Personal information
- Full name: Richarlyson Barbosa Felisbino
- Date of birth: 27 December 1982 (age 43)
- Place of birth: Natal, Rio Grande do Norte, Brazil
- Height: 1.76 m (5 ft 9 in)
- Positions: Defensive midfielder; left-back;

Youth career
- 1998–2001: Ituano

Senior career*
- Years: Team / Apps / (Gls)
- 2002–2005: Santo André / 33 / (9)
- 2003: → Fortaleza (loan) / 16 / (1)
- 2003–2005: → Salzburg (loan) / 27 / (2)
- 2005–2010: São Paulo / 147 / (6)
- 2011–2013: Atlético Mineiro / 101 / (2)
- 2014: Vitória / 24 / (1)
- 2015: Chapecoense / 13 / (0)
- 2016: Novorizontino / 5 / (1)
- 2016: FC Goa / 12 / (1)
- 2017: Guarani / 22 / (1)
- 2018: Cianorte / 9 / (1)
- 2019: Noroeste / 16 / (1)
- 2019: Campinense / 2 / (0)
- 2020: Noroeste / 11 / (2)
- 2021: America-RJ / 7 / (1)
- 2021: Noroeste / 11 / (1)
- Total:  / 456 / (30)

International career
- 2008: Brazil / 2 / (0)

= Richarlyson =

Brazilian footballer (born 1982)

Richarlyson Barbosa Felisbino, known mononymously as Richarlyson (born 27 December 1982), is a Brazilian former professional footballer. Mainly a defensive midfielder, he could also play as a left back or central defender. He currently works as a pundit for SporTV.

==Career==
Richarlyson began playing football for Ituano, where he won the Copa São Paulo de Juniores. Ricky then moved on to Santo André, a club from the ABC region in Greater São Paulo which his father, the former footballer Lela, has also defended during his playing career. Loaned to Fortaleza and Austrian top flight club Salzburg, the midfielder drew the attention of São Paulo city giants Palmeiras. Concerns about a possible change of his nickname – from his first name, Richarlyson, to his last name, Felisbino – due to the relatively complicated pronounce and spelling, upon Palmeiras' request, made Richarlyson uneasy about joining the club, which culminated in a last-minute decision to instead move to São Paulo, one of Palmeiras' rivals.

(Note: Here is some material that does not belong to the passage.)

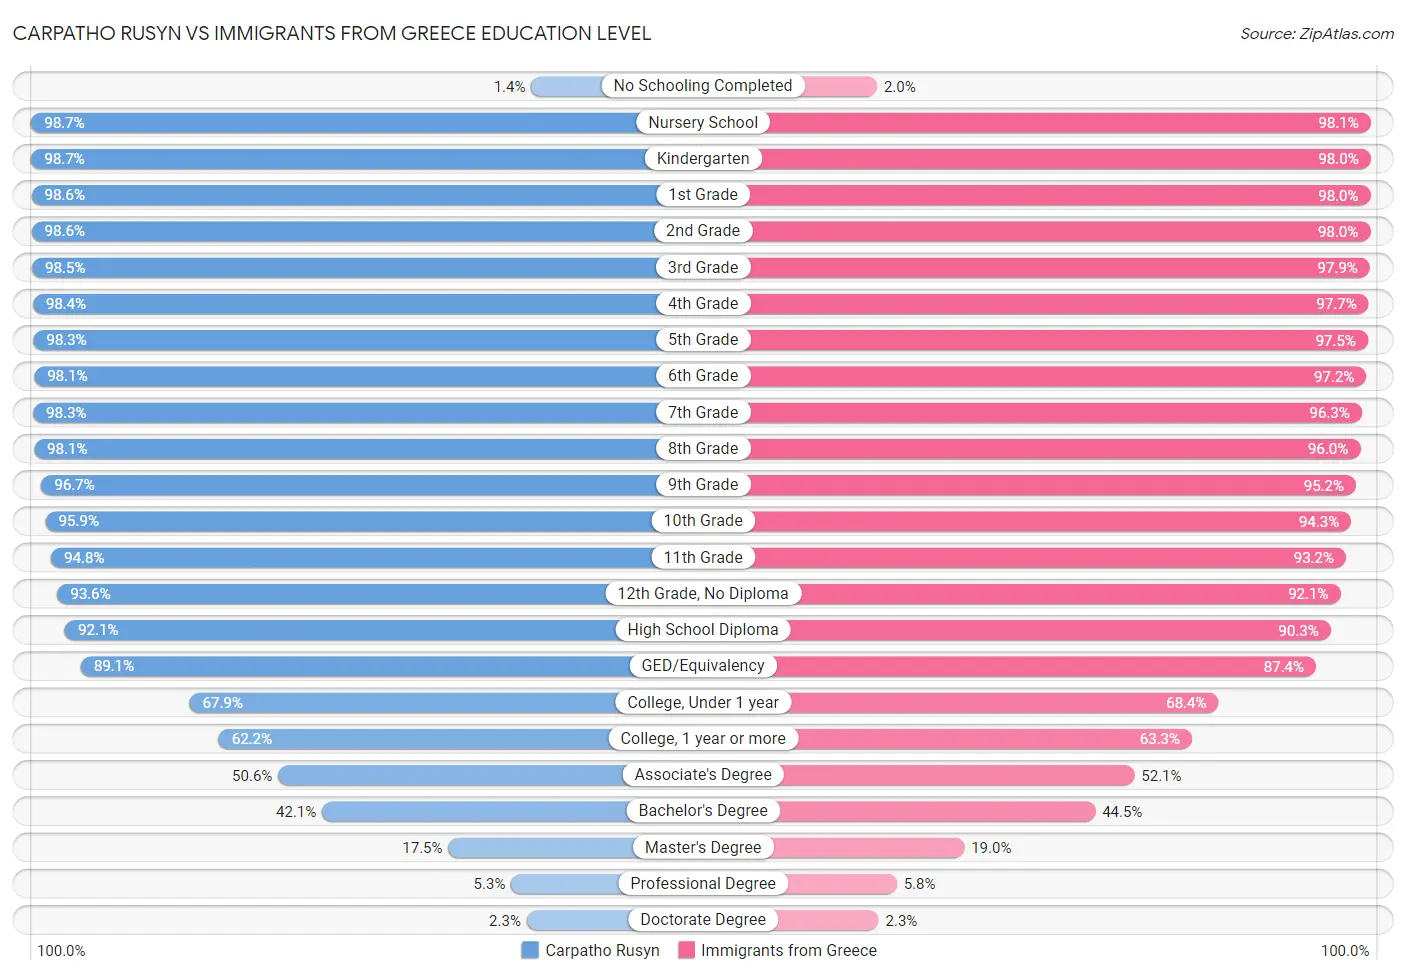 Carpatho Rusyn vs Immigrants from Greece Education Level

A court battle between São Paulo and Santo André delayed his debut for the Morumbi club, even after both clubs have reached a settlement. With few opportunities in the main squad, Richarlyson languished until the hiring of the coach Muricy Ramalho. Under the command of Ramalho, Richarlyson went on to have the best phase of his career as a footballer, being an integral part of São Paulo's three Campeonato Brasileiro championships in a row. At the peak of his career, Richarlyson was called by the Brazil national team's coach Dunga for their friendly against Republic of Ireland. The former captain of the Seleção greatly praised Richarlyson's versatility. Richarlyson, despite his success for the club, was a target of constant scrutiny and abuse over allegations of homosexuality, to the point where even São Paulo supporters would sing demeaning and homophobic chants against him.

After a long spell at São Paulo, however, his form seemed to worsen. Becoming increasingly reckless, Richarlyson was sent off in important matches, such as the Copa Libertadores fixture against Universitario, and a match against Fluminense, when he called the match referee a "son of a bitch", telling him to "go fuck himself", and then ending his rant by stating that the referee "besides it all, he's [also] a faggot" in a burst of anger when leaving the field. The constant sending-offs, alongside a lack of technical quality, have forced São Paulo to negotiate the midfielder.

Atlético Mineiro, from Belo Horizonte, looking for reinforcements, signed the player, as the year's "top signing" for the team. A constant presence in the starting eleven, Ricky achieved success with the Champions of the Ice, winning the 2012 Campeonato Mineiro and making a stellar campaign in the 2012 Campeonato Brasileiro Série A, taking the Galo to the 2013 Copa Libertadores after a 13-year absence from the competition. In 2013, Richarlyson was joined by his brother, the forward Alecsandro, being the first time the two brothers have played together for the same team.

In December 2014, Richarlyson confirmed his retirement from football. The decision was made after the relegation of his latest club, Vitória, for Campeonato Brasileiro Série B. On 27 January 2015, however, he stepped back from retirement and signed for Chapecoense.

==Personal life==
In 2022, Richarlyson came out as bisexual in an interview with the podcast Nos Armários dos Vestiários. This made him the first openly LGBT player to have played for the Brazilian men's national team and in the Campeonato Brasileiro Série A.

In 2023, he cosplayed as a ceramic water filter in the reality singing competition The Masked Singer Brasil.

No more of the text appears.